Great! That was doable. However, what if we want to reuse the template for multiple occasions, or allow our users to update the template?

The interpolation evaluates immediately. We can’t reuse the template (unless we redefine it—in a loop, for instance) and we can’t store the Welcome to #{name} template in a database and populate it later without using the potentially dangerous eval function.

Luckily, Ruby has a different way of interpolating strings: Kernel#sprintf or String#%. These methods allow us to get an interpolated string without changing the template itself. This way, we can reuse the same template multiple times. It also doesn’t allow execution of arbitrary Ruby code. Let’s use it.

1
2
3
4
5
6
7
8
name = "Ruby Magic"
template = "Welcome to %{name}"

sprintf(template, name: name)
# => "Welcome to Ruby Magic"

template % { name: name }
# => "Welcome to Ruby Magic"

The Regexp Approach to Templating

While the above solution works, it’s not fool-proof, and it exposes more functionality than we usually want to. Let’s look at an example:

1
2
3
4
5
name = "Ruby Magic"
template = "Welcome to %d"

sprintf(template, name: name)
# => TypeError (can't convert Hash into Integer)

Both Kernel#sprintf and String#% allow special syntax to handle different types of data. Not all of them are compatible with the data we pass. In this example, the template expects to format a number but gets passed a Hash, producing a TypeError.

But we have more power tools in our shed: we can implement our own interpolation using regular expressions.
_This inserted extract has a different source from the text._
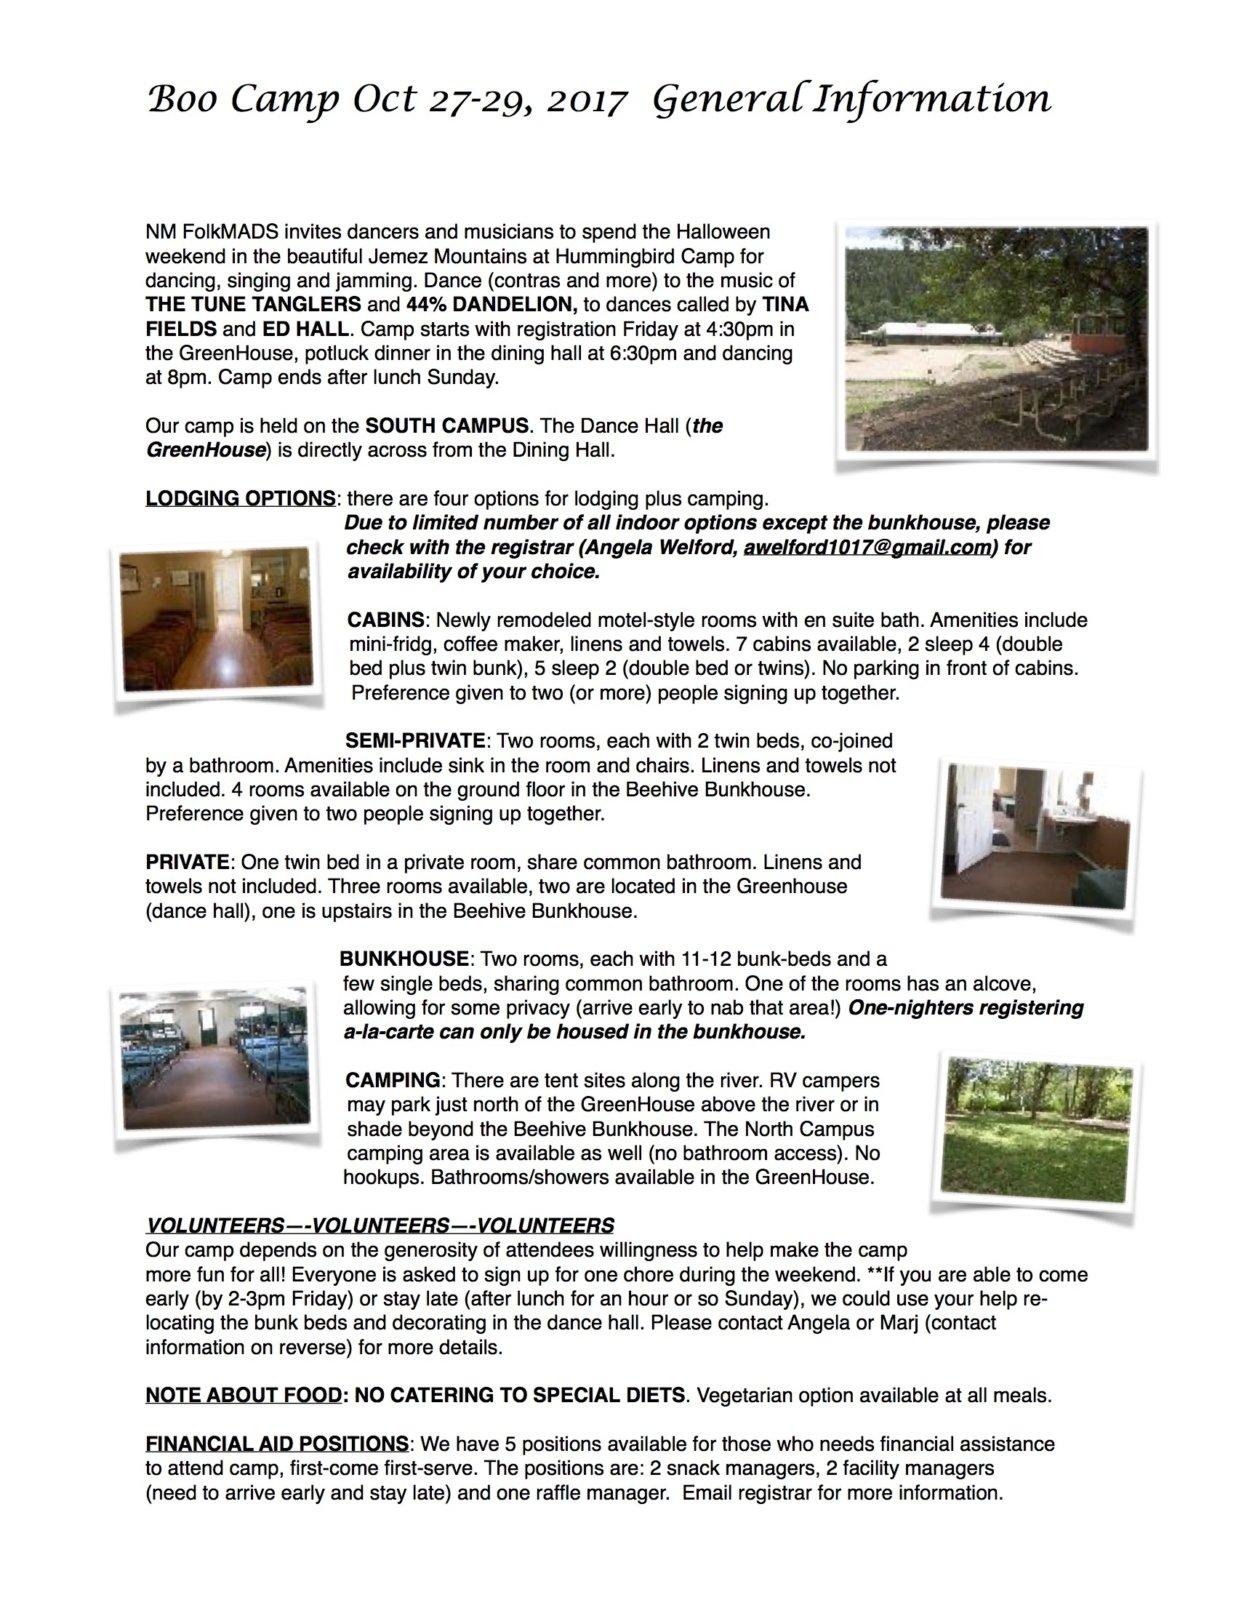 2017-08-13 Boo Camp General Info

Using regular expressions allows us to define a custom syntax, like a Mustache/Handlebars inspired style.

1
2
3
4
5
6
name = "Ruby Magic"
template = "Welcome to {{name}}"
assigns = { "name" => name }

template.gsub(/{{(\w+)}}/) { assigns[$1] }
# => Welcome to Ruby Magic

We use String#gsub to replace all placeholders (words in double curly braces) with their value in the assigns hash. If there is no corresponding value, this method removes the placeholder without inserting anything.

Replacing placeholders in a string like this is a viable solution for a string with a couple of placeholders. However, once things get a bit more complicated, we quickly run into problems.

Let’s say we need to have conditionals in the template. The result should be different based on the value of a variable.

1
2
3
4
5
6
7
8
9
Welcome to {{name}}!

{{#if subscribed}}
  Thank you for subscribing to our mailing list.
{{else}}
  Please sign up for our mailing list to be notified about new articles!
{{/if}}

Your friends at {{company_name}}

Regular expressions can’t smoothly handle this use case. If you try hard enough, you can probably still hack something together, but at this point, it’s better to build a proper templating language.

Building a Templating Language

Implementing a templating language is similar to implementing other programming languages. Just like a scripting language, a template language needs three components: A lexer, a parser, and an interpreter. We’ll look at these, one by one.

Lexer

The first task we need to tackle is called tokenization, or lexical analysis. The process is very similar to identifying word categories in natural languages.

Take an example like Ruby is a lovely language. The sentence consists of five words of different categories. To identify what category they are, you’d take a dictionary and look up every word’s category, which would result in a list like this: Noun, Verb, Article, Adjective, Noun. Natural language processing calls these “Parts of Speech”. In formal languages–like programming languages– they’re called tokens.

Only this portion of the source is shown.